Australia has long been a reliable US ally. The recently mooted submarine deal which links Australia to the US – as a part of the AUKUS (Australia, United Kingdom, United States) bloc – is a good arrangement for both sides. The deal looks to be the sale of five used American Virginia-class submarines. Their used status would keep the price down – important for Australia’s middle-sized economy – and Australia would also contribute to the improvement of the subs’ construction facilities in the US.
Australia Has Long Been a Reliable US Ally
Since the conclusion of World War II, America has pursued a forward posture in the Pacific. It maintains a string of bases around the region, supporting those with alliances with like-minded states. Previously, the US was far more retrenched, with only Guam and the Philippines as major US commitments west of Hawaii. The expansion of Soviet power in far east and the communist takeover of China in the 1940s changed all that. The US would stay in Japan, South Korea and elsewhere to help contain these powers. Australia was a part of that alliance network.

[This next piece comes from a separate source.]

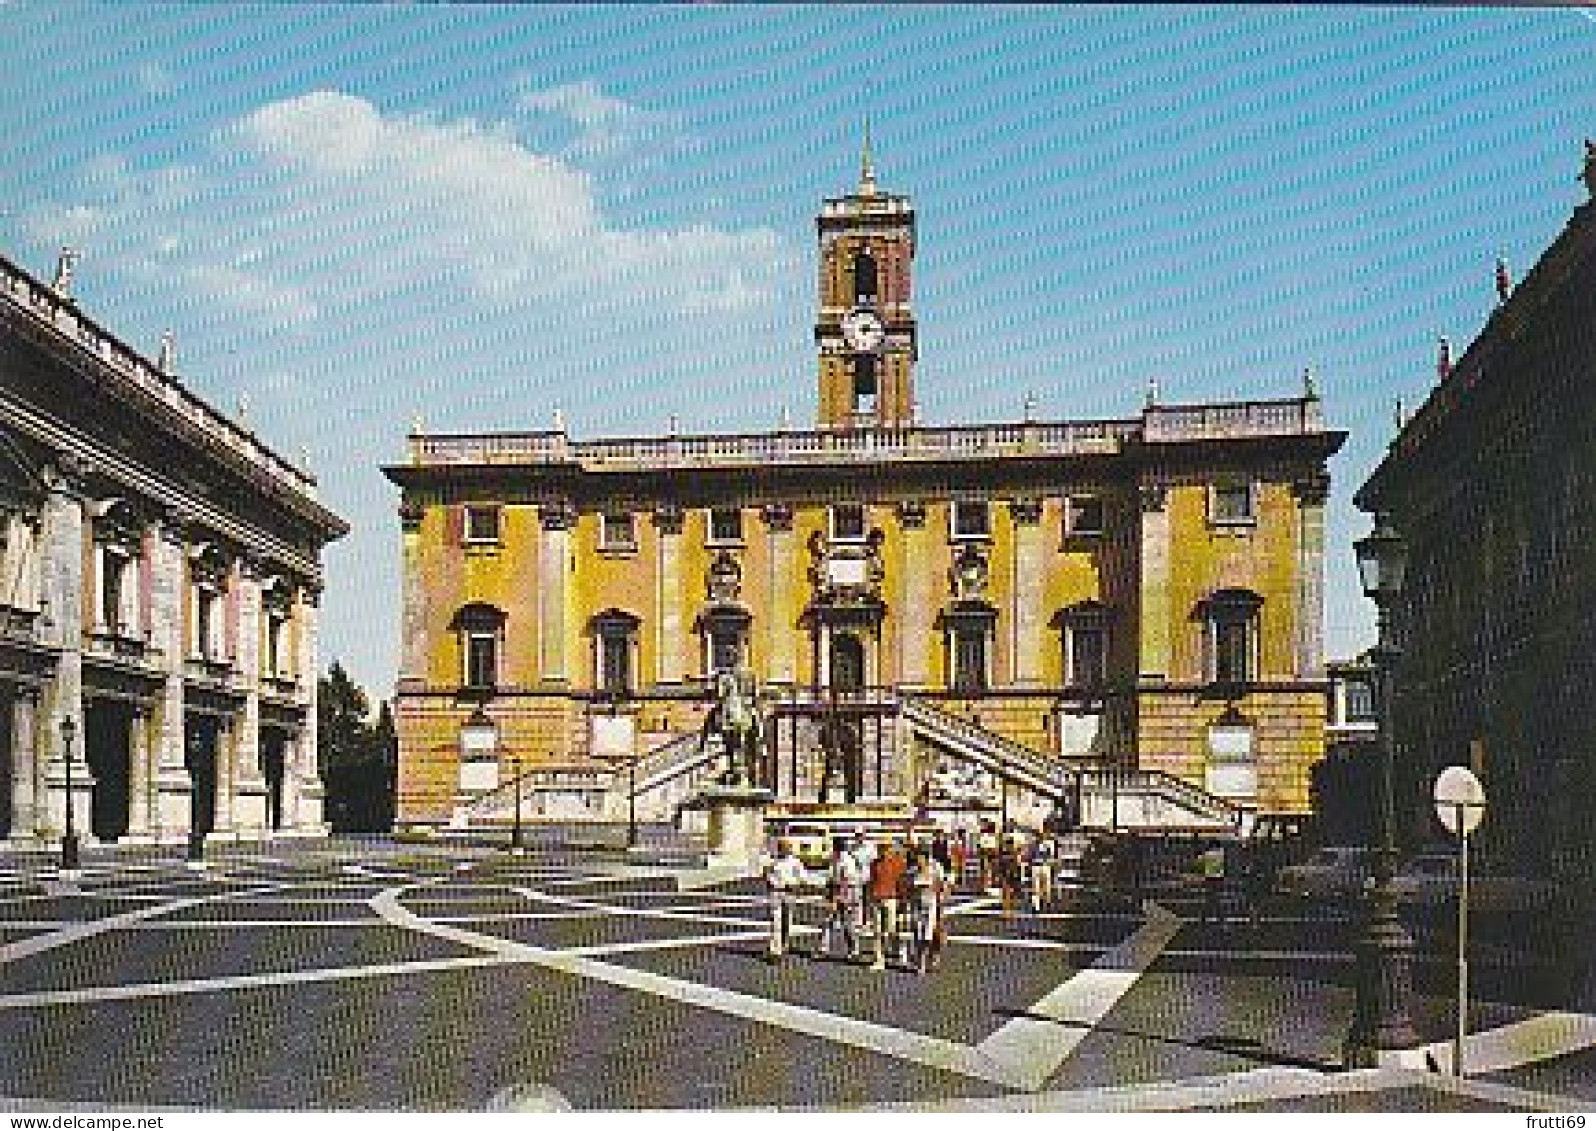 AK 216885 ITALY - Roma - Il Campidoglio - Andere Monumente & Gebäude

The collapse of the Soviet Union relieved some of the pressure. South Korea, for example, has pursued a more independent foreign policy in the years since the USSR’s demise. In the 1990s and 2000s, a regional re-ordering seemed possible: China looked like it might genuinely liberalize; predictions of North Korean collapse were common. But China’s rapid rise is restoring the competitive relationship in East Asia between the US and a powerful regional autocracy.

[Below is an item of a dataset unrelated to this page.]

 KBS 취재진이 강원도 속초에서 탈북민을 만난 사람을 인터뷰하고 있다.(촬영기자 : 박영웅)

So, the US-Australian strategic relationship endures. While Australia will never be as central to the US position in Asia as Japan, the US-Australia alliance is arguably a tighter relationship because of its social and cultural affinities. Australia and the US are both part of the larger ‘Anglosphere,’ with a shared political and cultural heritage to smooth the edges of the relationship. Indeed, the US privileges anglophone countries in its so-called ‘five eyes’ intelligence-sharing arrangement.
This affinity has meant that Australia has dutifully fought with the United States in almost all American conflicts since World War II, even in the rather dubious ones like Vietnam and the war on terrorism. US allies Japan and South Korea have been far more reticent, and there is a free-riding critique to make of those alliance relationships which does not apply to Australia. Cultural commonalities also limit competitive tensions. In the 1980s and 1990s, there was enormous American anxiety about the economic rise of Japan. The hysteria was so bad it affected the geopolitical relationship. That sort of cultural backlash is highly unlikely inside Five Eyes.
Yes, the Submarines are about China
Australia is an island and so inevitably a naval power first. During the war on terror, its foreign policy focused heavily on the possible rise of Islamic fundamentalism in southeast Asia. But that never really materialized beyond a few high-profile incidents. Indonesia and Malaysia are more moderate than the intense Islamic oligarchies of the Persian Gulf. Instead, the real issue for Australian foreign policy has become, unsurprisingly, China’s rise, specifically its push into the South China Sea.
China’s capacious claims in that body of water – the ‘Nine Dash Line’ – are well-known by now. They do not affect Australia directly. Indeed, Indonesia helpfully blocks China from Australia. But the littoral states of the South China Sea – Vietnam, the Philippines, and Indonesia – are too weak to resist Chinese incursions, even if they stand together. The US has run ‘freedom of navigation operations’ in the South China Sea to push back on Chinese claims. But this area is a long way from the US mainland. Convincing Americans to draw redlines against China over empty water will be hard sell, and proximate US allies have been noticeably vague on aligning with the US on this. Japan, South Korea, and Taiwan – all closer to the area than Australia – have dithered. Australia by contrast has stepped up, openly rejecting Chinese claims and insisting on navigation rights in the area.
This is almost certainly the logic behind both AUKUS and the US submarine purchase. Chinese naval expansion is Australia’s greatest long-term threat. Indonesia obstructs the direct transit of Australian surface vessels to the South China Sea. But submarines get around this problem. US submarines also improve inter-operability – maintenance, logistics, force planning – between the two. This integration reasoning is similar to that of the placement of a small US ground contingent in northern Australia.
That Beijing is already upset about the deal, even though it is still not concluded, means that it is almost certainly the right move. East Asian states have been signaling China for two decades to negotiate over the South China Sea. It will not. AUKUS and military sales like this are the predictable result.